ウェルスナビ・牛山史朗執行役員(中) 長期積立分散投資こそが王道

投資に踏み出せない人や初心者はどのように投資へ向き合えばいいのか。ロボットアドバイザー最大手・ウェルスナビ(7342・G)の牛山史朗執行役員に話を聞く中編。金融庁をはじめ、長期積立分散投資が推奨される理由について、分かりやすく解説する。

――投資をいざ始める人へのアドバイスをいただきたい。

牛山氏 投資にはいろいろな方法があり、最初にどこから入るかは重要だ。日本でこれまで投資に良いイメージは持たれにくかった一因は、FX(外国為替証拠金取引)などリスクの高いものが目立ち、初心者が損をして投資は怖いと敬遠してしまったことが挙げられる。

自分の持っているおカネが運が良ければ2倍になり、悪ければゼロになっても良いというのならばリスクの高い投資も選択肢に入れていい。だが、自分の老後を支える大切なおカネならば、守りを意識しながらしっかり育てていくことが大事。個人が最初に行うのは王道の長期積立分散投資が良い。

――なぜ王道なのか。

牛山氏 資産運用でおカネが増える原動力がある。長期積立分散が王道と呼ばれるゆえんは、リターンを生み出す源泉が、日々世界中で経済活動を繰り返す中で生まれる利益だから。投資は安く買って高く売るイメージがあるが、それは短期売買で、世界の経済が生み出す利益の一部を得るという考え方とは別のもの。値上がりする銘柄を当てようと世界中のプロがいろいろやっているなか、投資初心者が勝ち続けるのは難しい。そうではなく、世界経済が大きくなることに資金を投じれば、関わった人みんなが利益を得ることもできる。
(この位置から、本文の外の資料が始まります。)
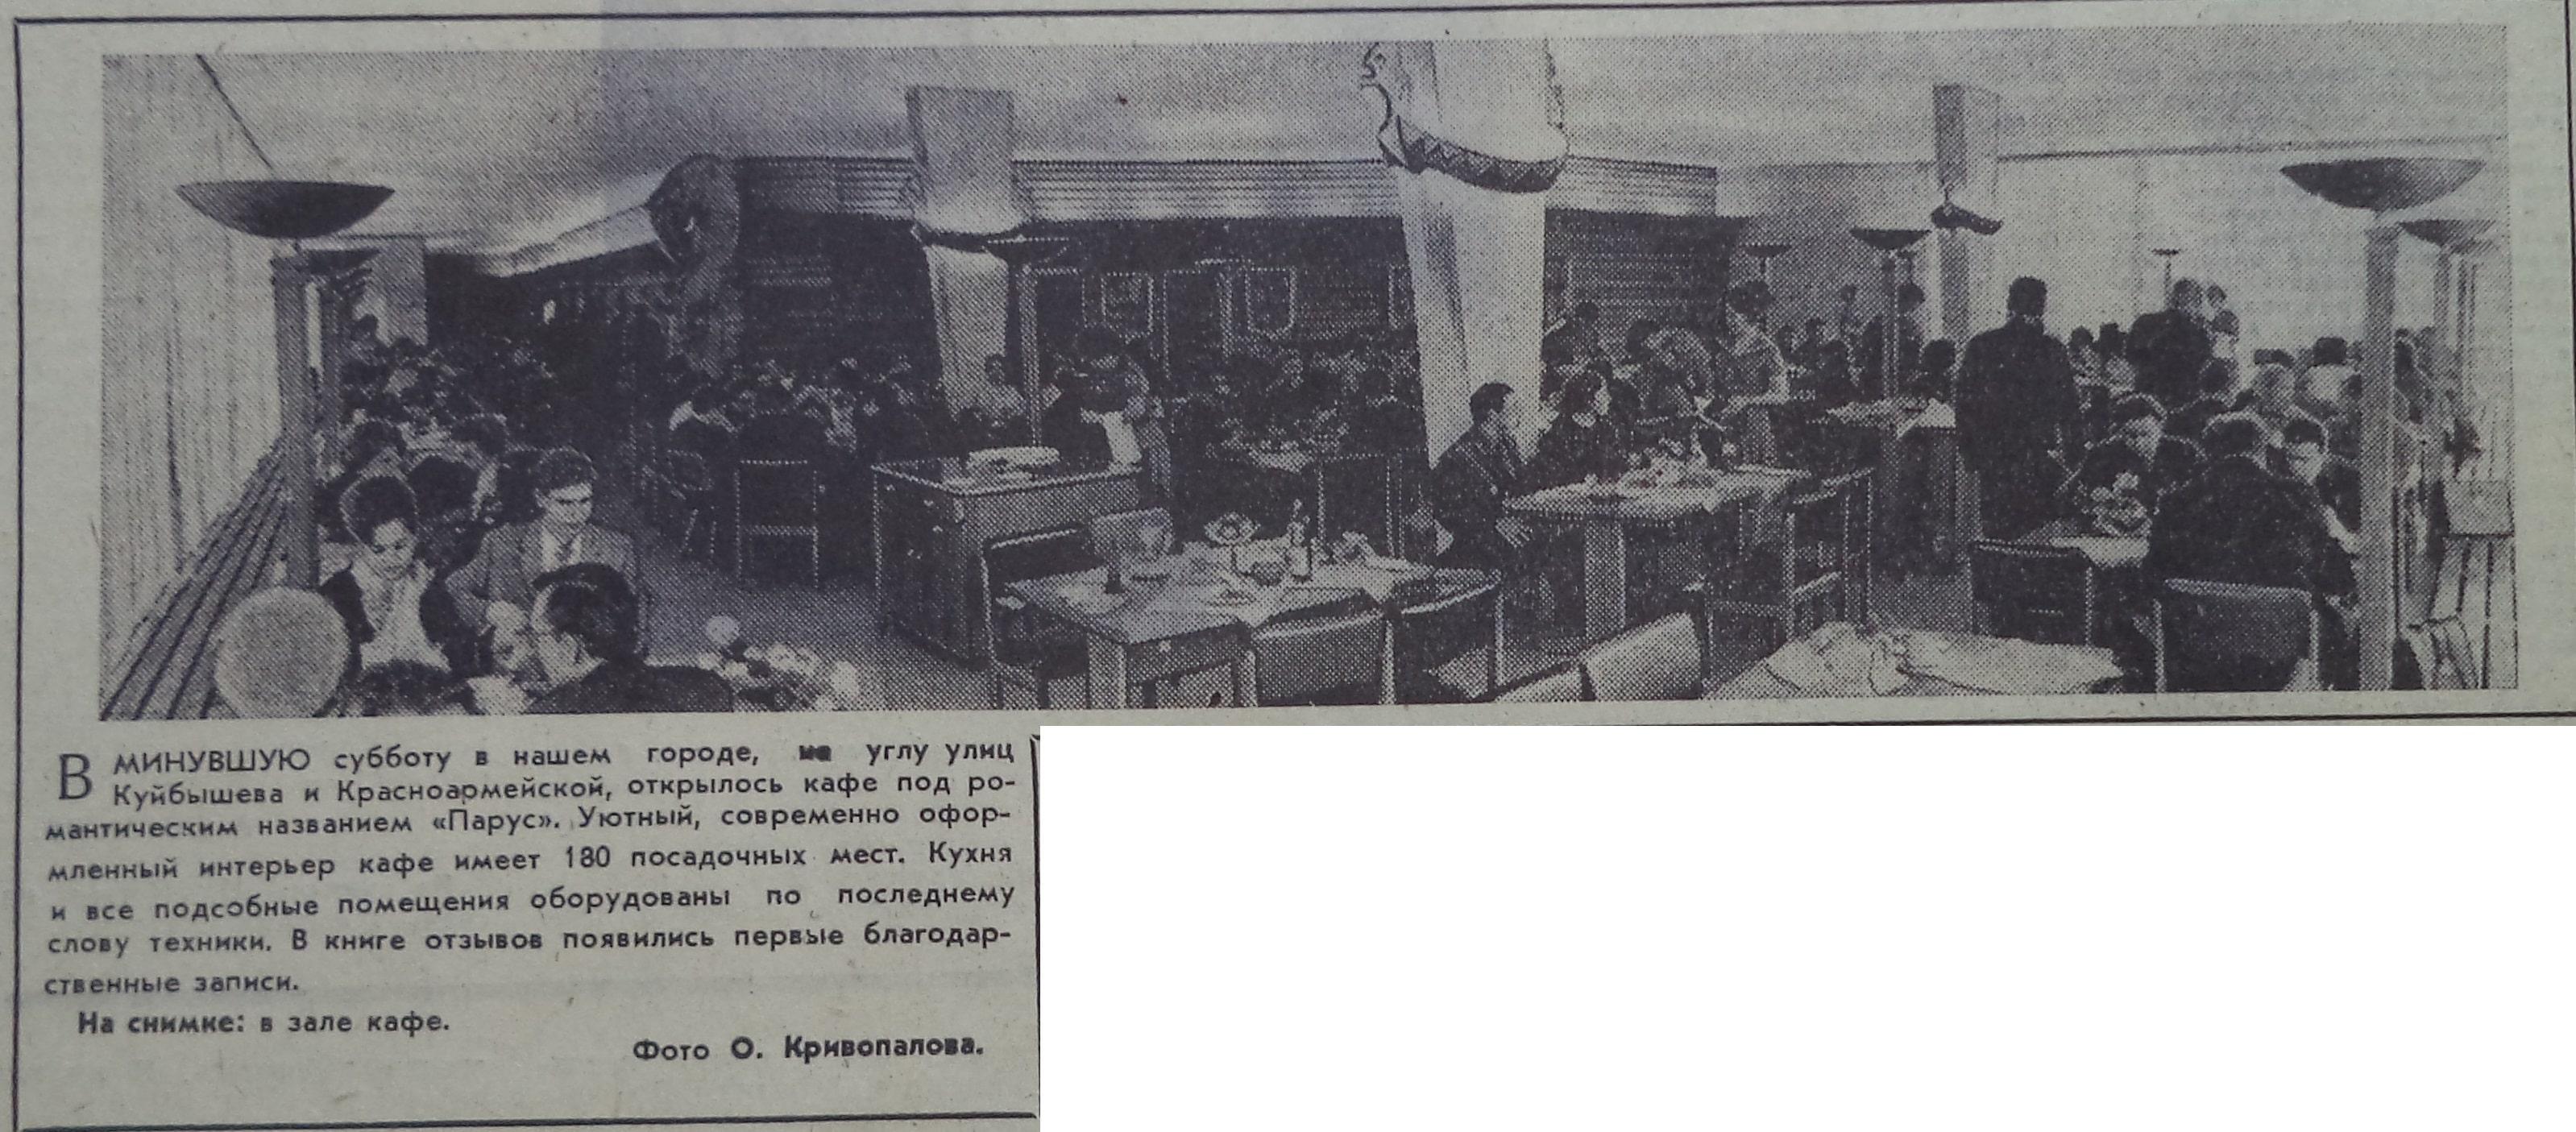 18 апреля 1972 года ресторан Парус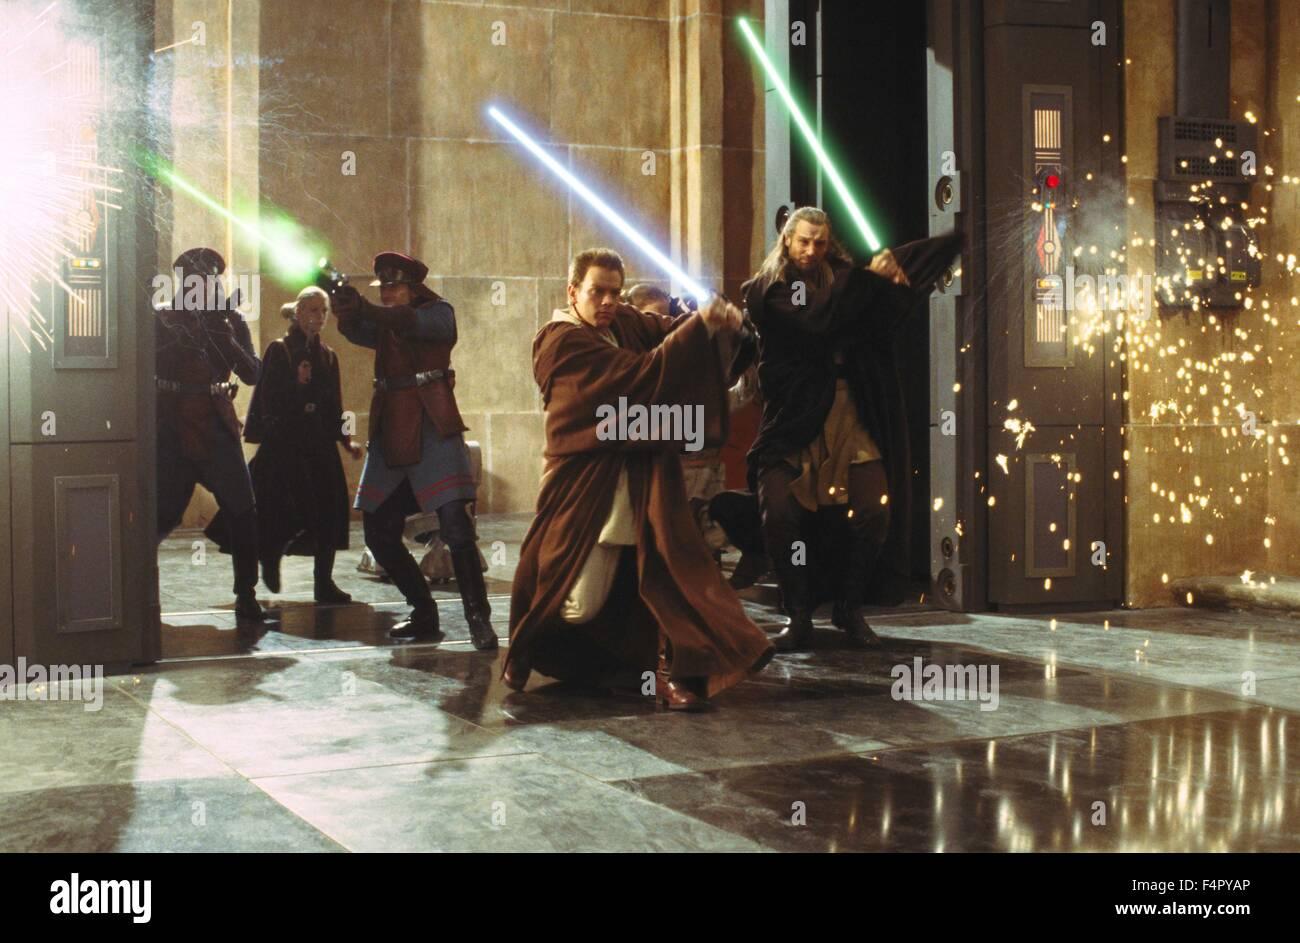 Liam Neeson And Ewan Mcgregor Star Wars Episode I The Phantom Stock Photo Alamy

短期では相場の波があり、一つの会社だけに投資すると、そこの調子が悪くなったら大きな損失が出る恐れがある。世界全体に分散して、長期で世界経済が生み出すリターンを取るということが基本だ。

時間を味方につけるともいえるが、時間をかければかけるほど複利の効果を発揮する。また、積立投資を続けることで元本が積み上がる。同じリターンの割合であっても、投資した金額の規模により、利益の規模は大きく変わる。

――積み立てより一括が良いとの意見も聞くが。

Refinitivのデータに基づきWealthNaviにて作成 ・当該シミュレーションは過去データに基づき計算されたものであり、将来の運用成果等について示唆・保証するものではありません。

牛山氏 積み立てにも幾つかのパターンがある。1つは働いている人が自分の毎月の収入の一部を投資に回すもの。もう一つは、手元にまとまった金額がある場合、一括で投資せずにタイミングを何回かに分けて投資する方法だ。前者は給料が入るたびに投資をすれば自然と積み立てとなる。

後者は一度に投資して、直後に急落すると一気に目減りすることもあるため、それで資産運用が続けなくなるなら分けて投資したほうが良いという考え方だ。

――分散はどこまでするのか。株式だけで良いのか。

牛山氏 最近、SNS(交流サイト)を含めて、株式投信を一つ持てば安心という意見がある。それでよい人もいるが、リスクが高いと思う人もいるだろう。株式投信だけでは、7、8月のような大きな相場変動があった時に、一気に資産が目減りする。それに対してウェルスナビの分散投資もそうだが、金、債券、不動産といった別の資産を入れることで、リスクを抑えられた。株は大きくマイナスになったが、他の資産はドルベースではプラスになるものもあった。

若い人はこれから働いて得られる収入のウエイトが多いので、リスクを取ることができる。小額から始めて投資に慣れていくプロセスで株だけの投信を試しにやるというのはありだと思う。一方、投資する金額が大きくなると、株だけに投資することはリスクを取り過ぎている可能性が高い。また、退職が近い人や既に退職した人は、資産が大きく目減りすると老後の生活を脅かし、心理的負担が大きい。そういう人は株以外の資産を混ぜることで、リスクを抑えることが重要。一人一人のリスク許容度に合わせて運用する中で、株以外の資産を組み合わせることは非常に有効だと思う。

◆牛山史朗氏
京都大学大学院で金融工学を専攻。三菱UFJ信託銀行、野村証券を経て2015年12月にウェルスナビ参画。アルゴリズム開発などを手掛けている。